Do you have to follow the RTA checklist exactly?
You can, but you are also not bound by it. Like all guidance documents they “contain nonbinding recommendations”. The checklist is released as part of a guidance document, so it is a guidance and not a regulatory requirement. That being said, if your submission is missing an element in the checklist, your 510k submission will be considered administratively incomplete unless you provide a clear explanation as to why the checklist element is not applicable to your submission or you explain how you meet the 510k submission requirement in another way.
Medical devices vary wildly and there is no one size fits all approach. The FDA recognizes that and includes some wiggle room that gives them some discretion in reviewing submissions. However, 100% of the 3,500+ submissions received each year are screened using the refusal to accept (RTA) checklist and the screening person’s job is to verify that your submission meets the criteria. As it says in the guidance document:
“The purpose of the 510(k) acceptance review is to assess whether a submission is administratively complete, in that it includes all of the information necessary for FDA to conduct a substantive review. Therefore, the submission should not be accepted and should receive an RTA designation if one or more of the items noted as RTA items in the checklist are not present and no explanation is provided for the omission(s). However, during the RTA review, FDA staff has the discretion to determine whether missing checklist items are needed to ensure that the submission is administratively complete to allow the submission to be accepted. FDA staff also has the discretion to request missing checklist items interactively from submitters during the RTA review. Interaction during the RTA review is dependent on the FDA staff’s determination that outstanding issues are appropriate for interactive review and that adequate time is available for the submitter to provide supporting information and for FDA staff to assess responses. If one or more items noted as RTA items on the Acceptance Checklist are not present, FDA staff conducting the acceptance review should obtain management concurrence and notify the designated 510(k), contact person, electronically that the submission has not been accepted. “ (Ref. 1).
The portion above notes that explanations may be provided for omitted portions of the submission. So, the answer to the question is that no, you do not have to follow the RTA checklist exactly. However, if you should purposefully omit a section you should provide an explanation and your rationale justifying why the omission is appropriate for your individual device and 510(k) submission. Again, just because you have included an alternative approach or justification does not automatically mean it will be accepted. The FDA personnel that are conducting the acceptance review will judge whether or not your deviation is acceptable.
What if your 510k submission is refused?
If your submission is refused you will be provided with a copy of the completed RTA checklist and each of the deficiencies you must address will be highlighted. Sometimes there will be an attachment to the checklist that has additional issues that are not in the RTA checklist, but the reviewer thinks you may need to address later. You might also see comments that are not highlighted. These are suggestions from the reviewer that you may or may not choose to address.

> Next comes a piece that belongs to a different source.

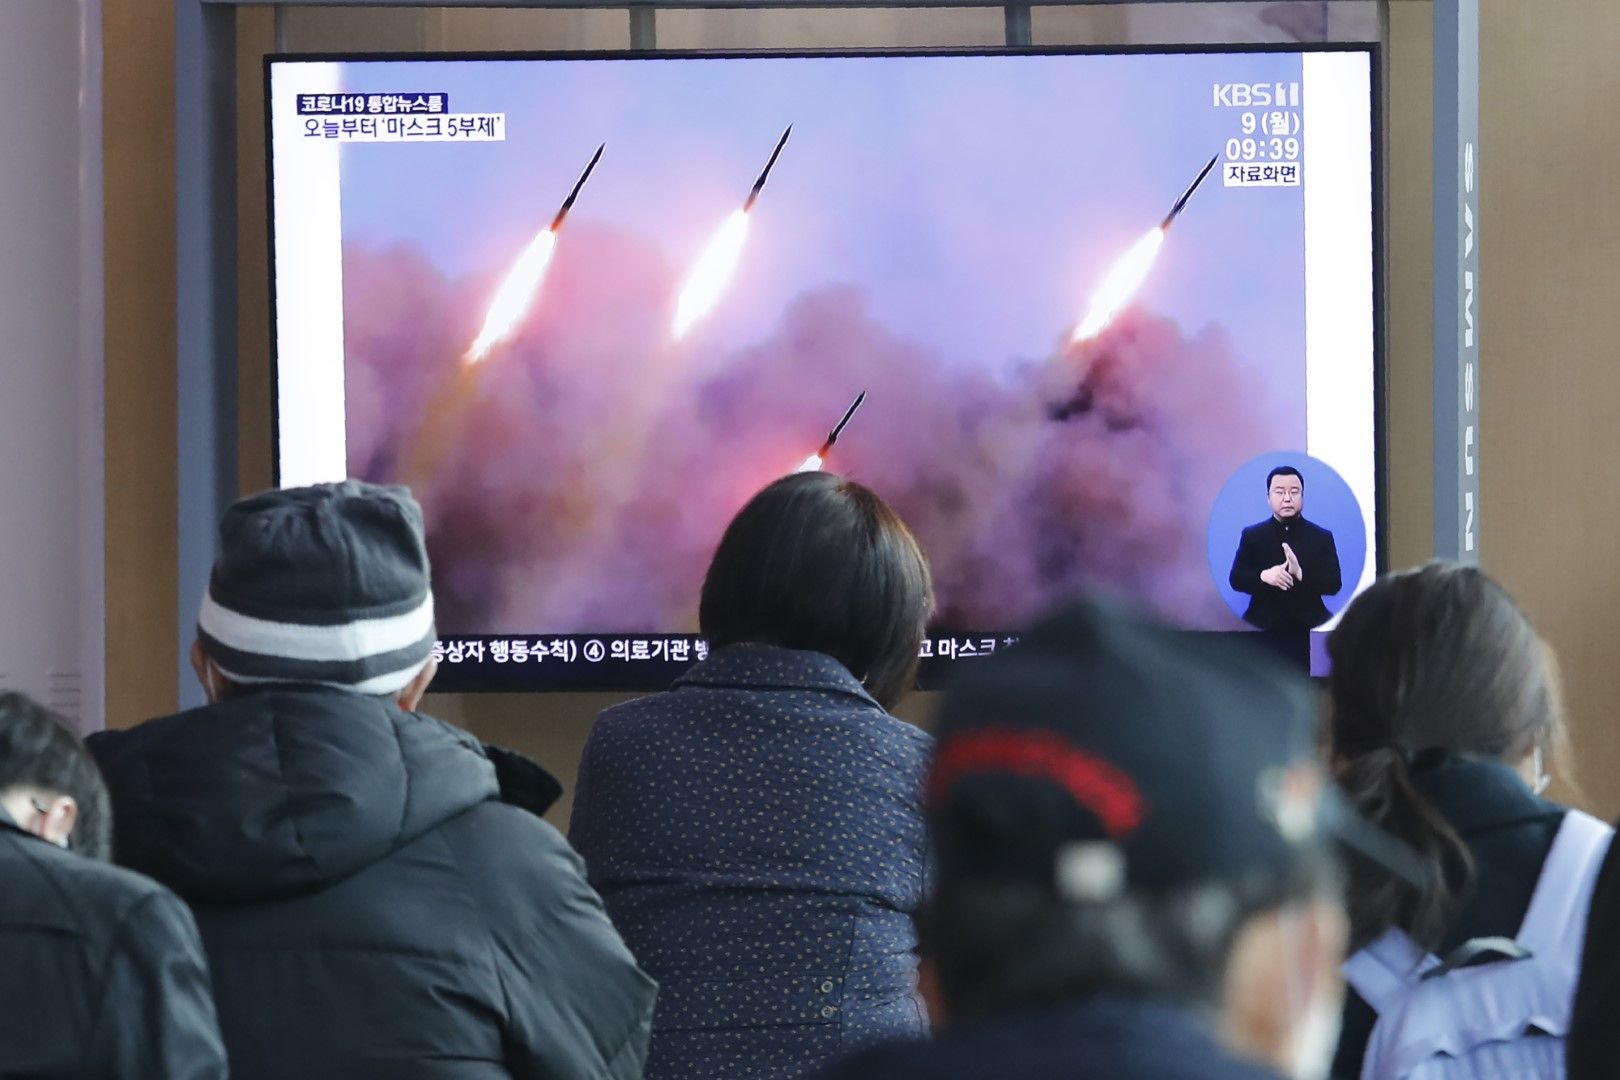 На 9 март корейци гледат по телевизията от централната гара в Сеул изстрелване на ракети от Северна Корея - самото изстрелване на ракетите е станало в миналото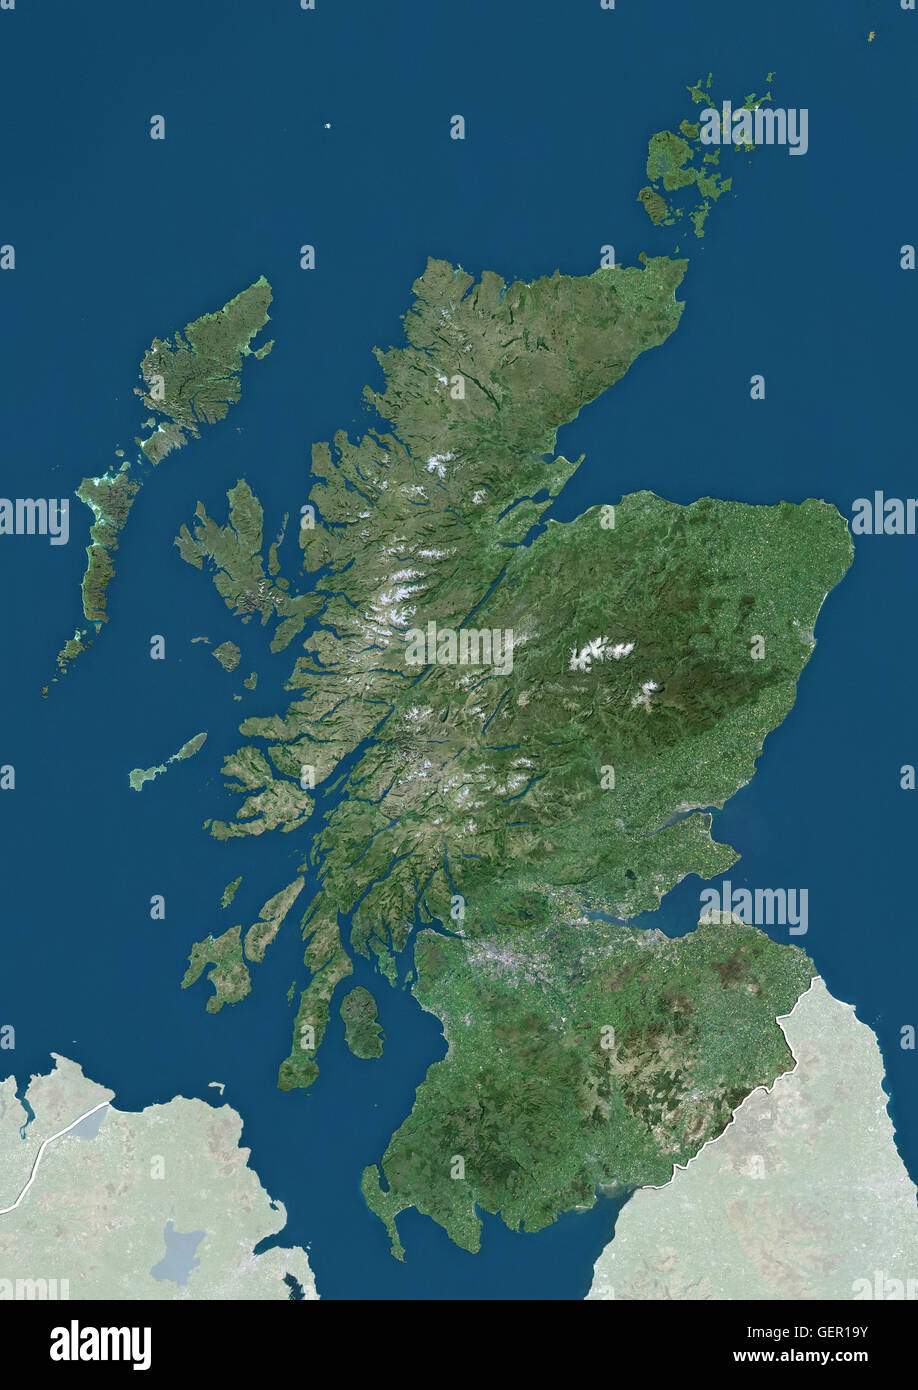 Vista satellitare della Scozia, Regno Unito (con confini tra paesi e maschera). L'immagine mostra la Scozia continentale, comprese le Ebridi e Orkney Islands. Questa immagine è stata elaborata sulla base dei dati acquisiti dai satelliti Landsat. Foto Stock

There is a 180-day timeline for response to an RTA Hold letter. The response must be submitted to the CDRH Document Control Center (DCC) as an eCopy, and the response must be received within 180 days. If the response is not received within 180 days, your submission will be automatically withdrawn on the 181st day. Your response may not be piecemeal. You must address all of the issues in the RTA checklist or your submission will be placed on RTA Hold again (i.e. RTA2). If you are not sure how to organize your response, a previous blog posting and YouTube video address this topic directly.
About the Author
Matthew Walker – QMS, Risk Management, Usability Testing, Cybersecurity
Matthew came to us with a regulatory background that focused on OSHA and NFPA regulations when he was a Firefighter/EMT. Since we kidnapped him from his other career, he now works in Medical Device Quality Management Systems, Technical/Medical Writing, and is a Lead Auditor. Matthew has updated all of our procedures for He is currently a student in Champlain College’s Cybersecurity and Digital Forensics program, and we are proud to say that he is also a member of both the Golden Keys and Phi Theta Kappa Honor Societies! Matthew participates as a member of our audit team and has a passion for risk management and human factors engineering. Always the mad scientist, Matthew pairs his professional life in regulatory affairs with hobbies in the culinary arts as he also holds a Butchers/Meat Cutters certificate from Vermont Technical College.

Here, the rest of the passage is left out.